- RAW DATA:
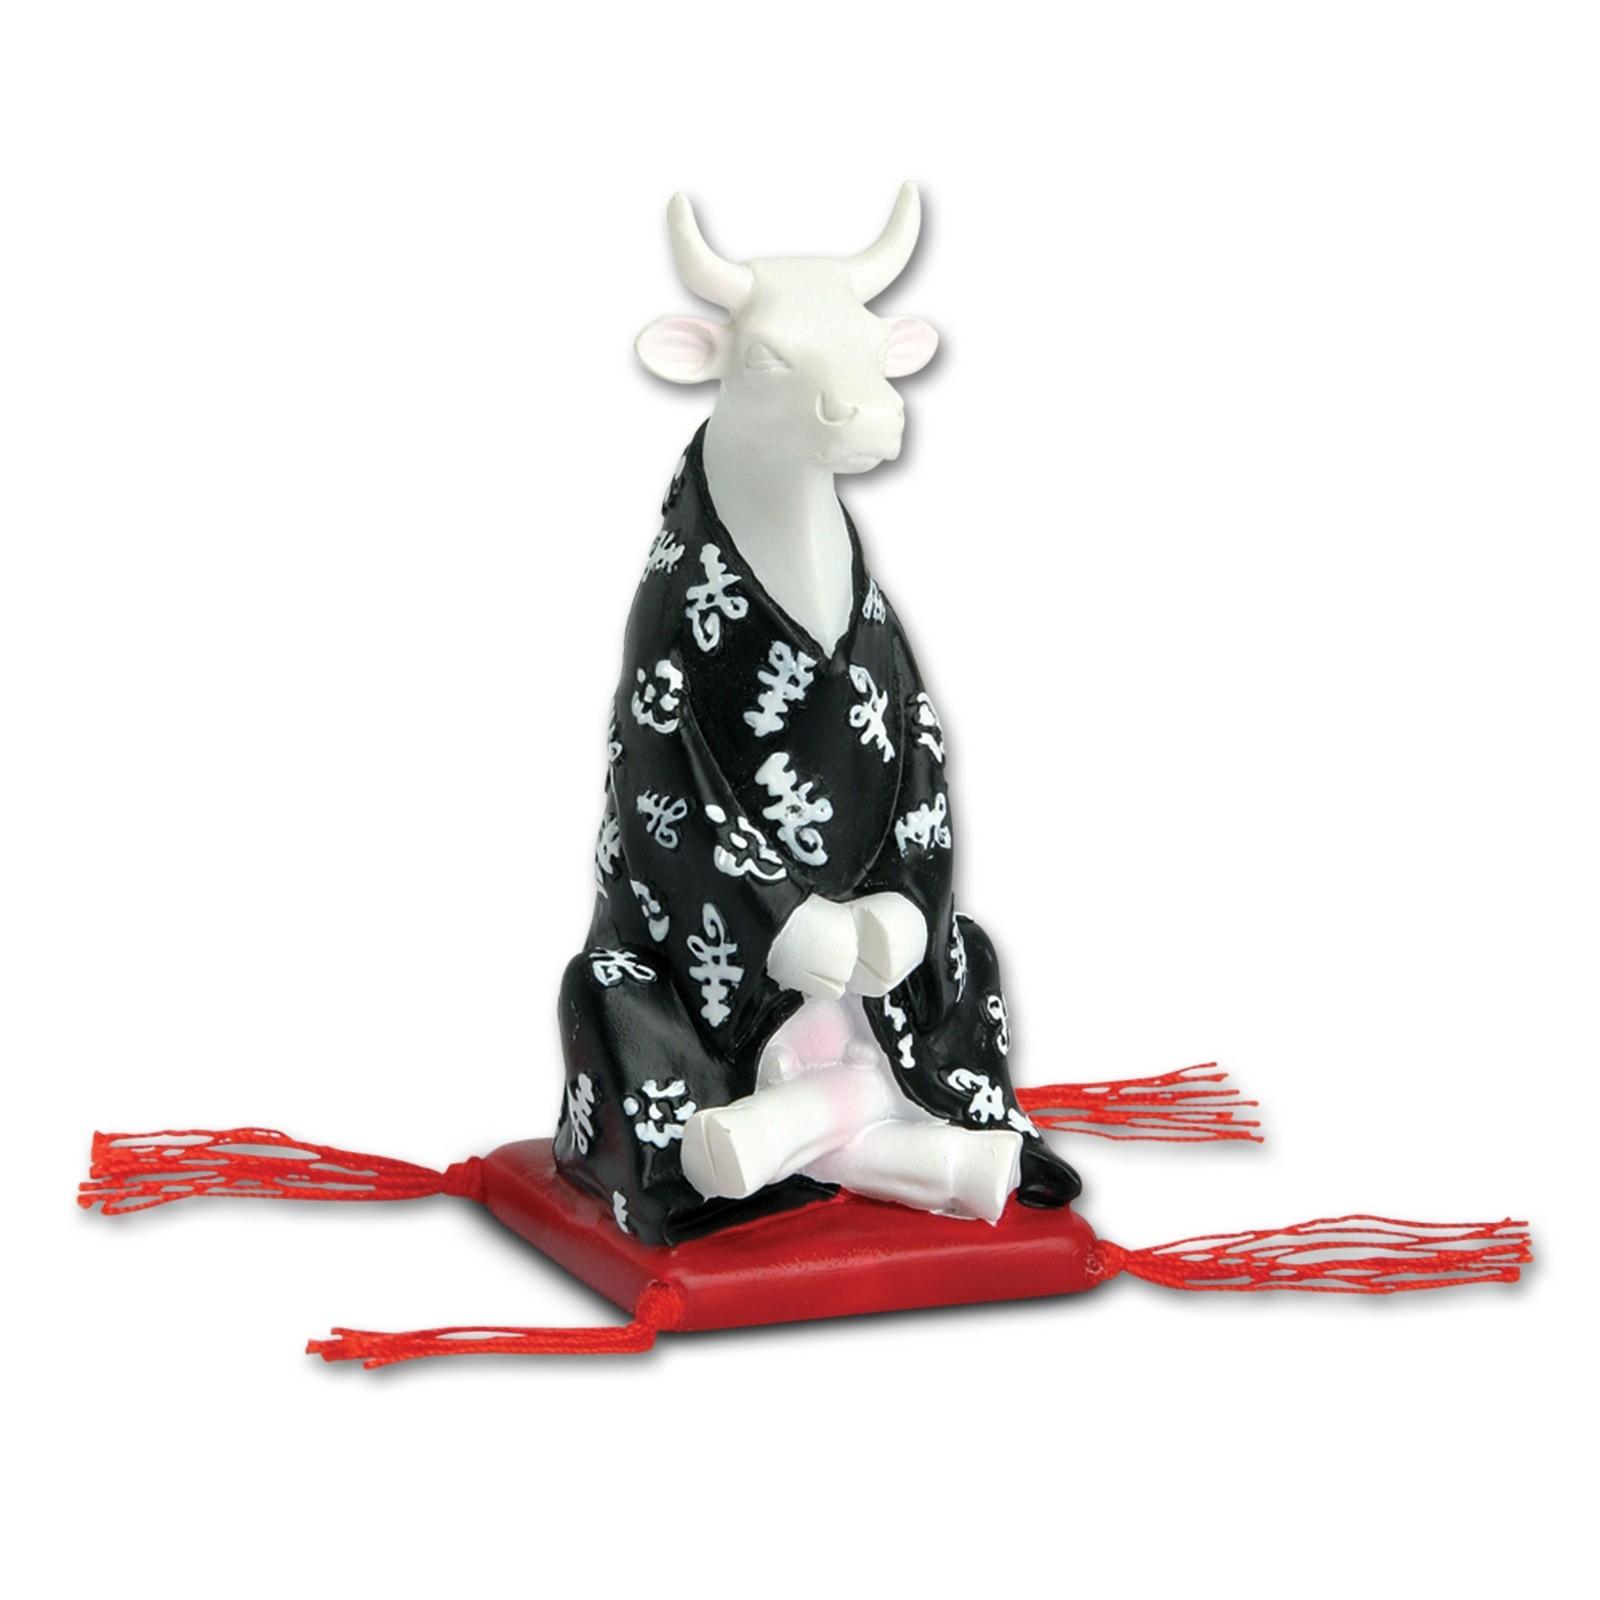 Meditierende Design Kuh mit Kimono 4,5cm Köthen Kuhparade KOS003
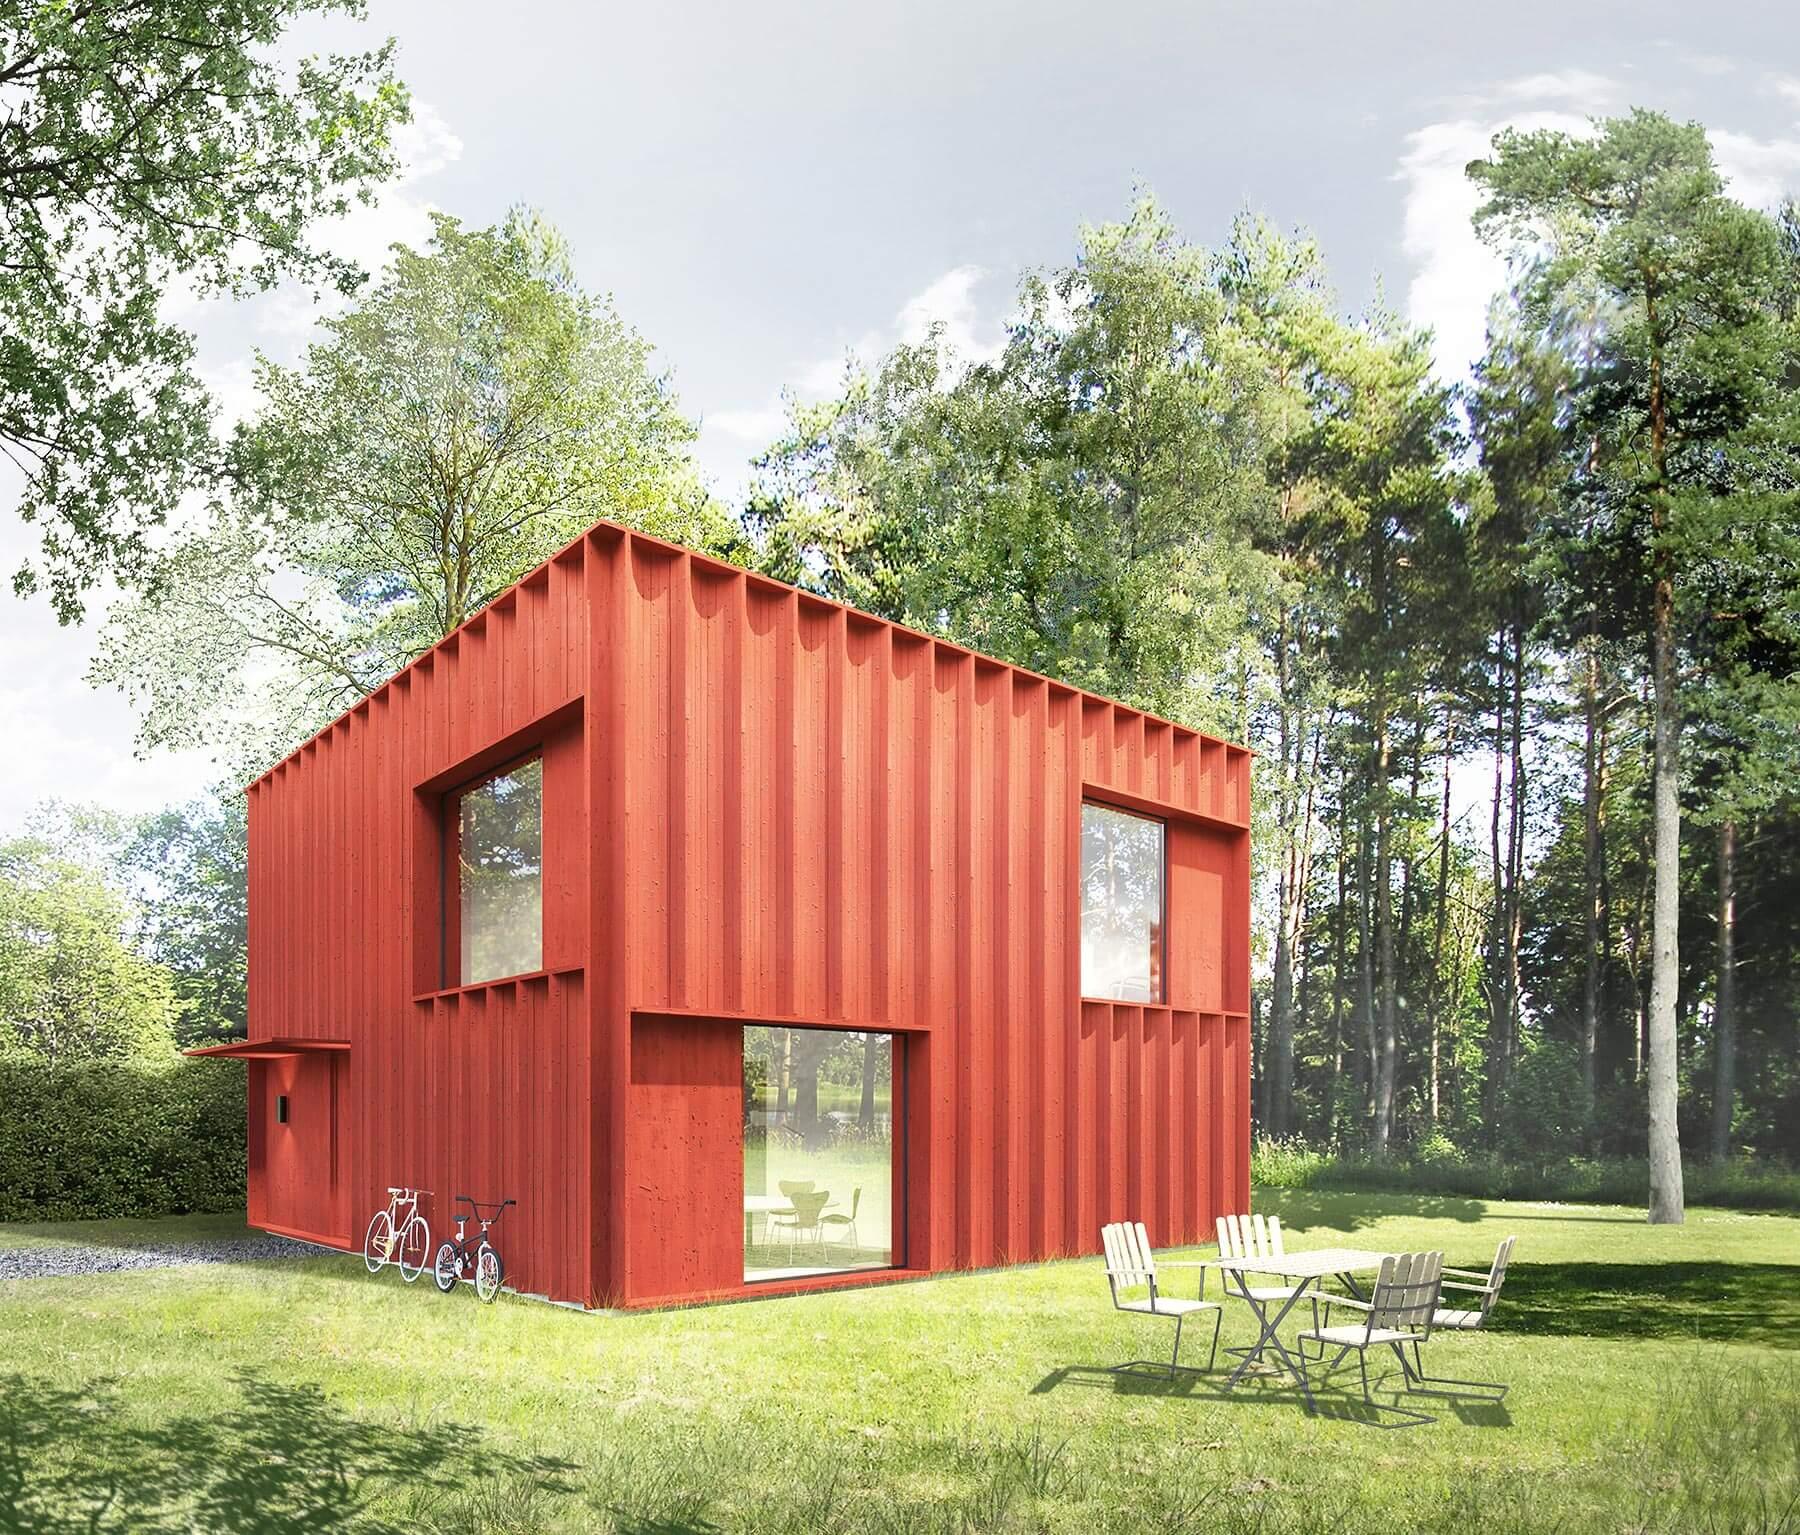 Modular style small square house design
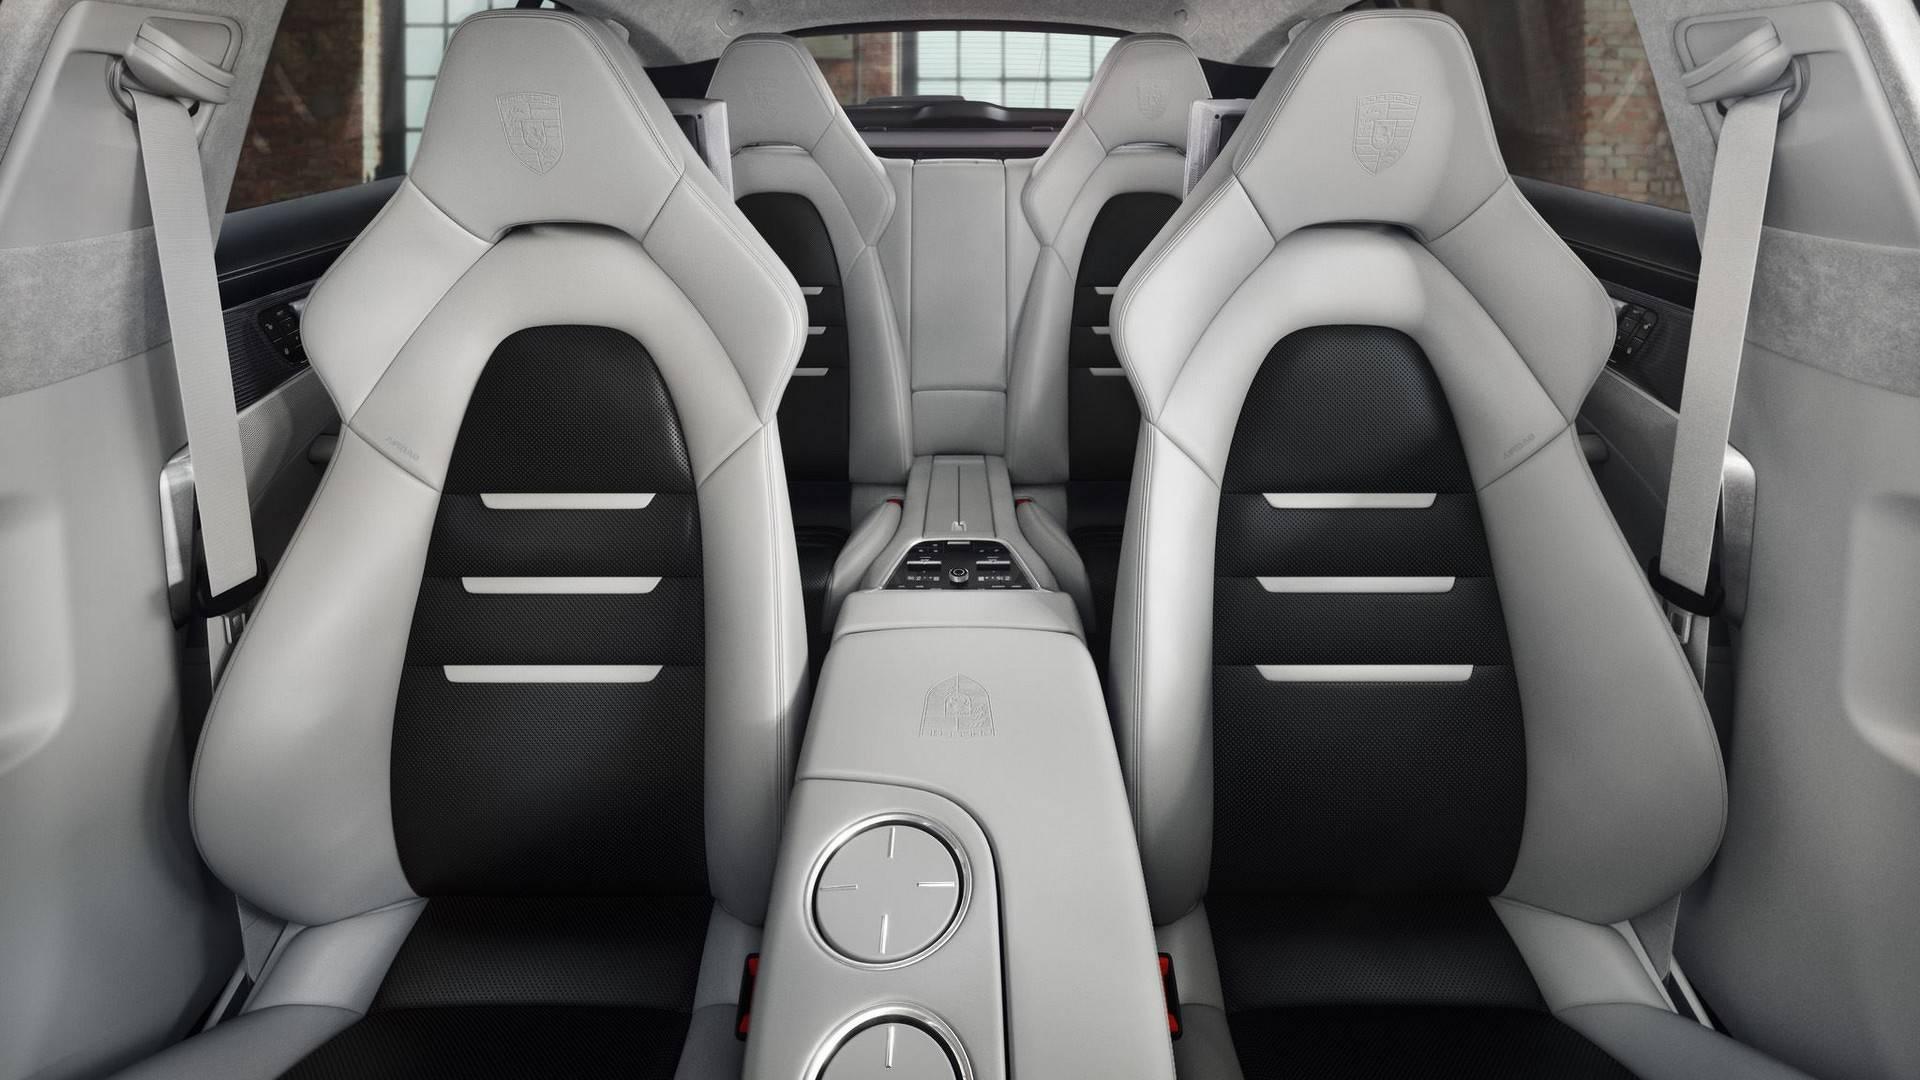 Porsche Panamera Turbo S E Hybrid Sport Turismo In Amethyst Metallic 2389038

- GOAL OF THE EXERCISE:
The result should be a verbatim copy of the data, free of pictures.

- EXERCISE RESULT:
 Meditierende Design Kuh mit Kimono 4,5cm Köthen Kuhparade KOS003
 Modular style small square house design
 Porsche Panamera Turbo S E Hybrid Sport Turismo In Amethyst Metallic 2389038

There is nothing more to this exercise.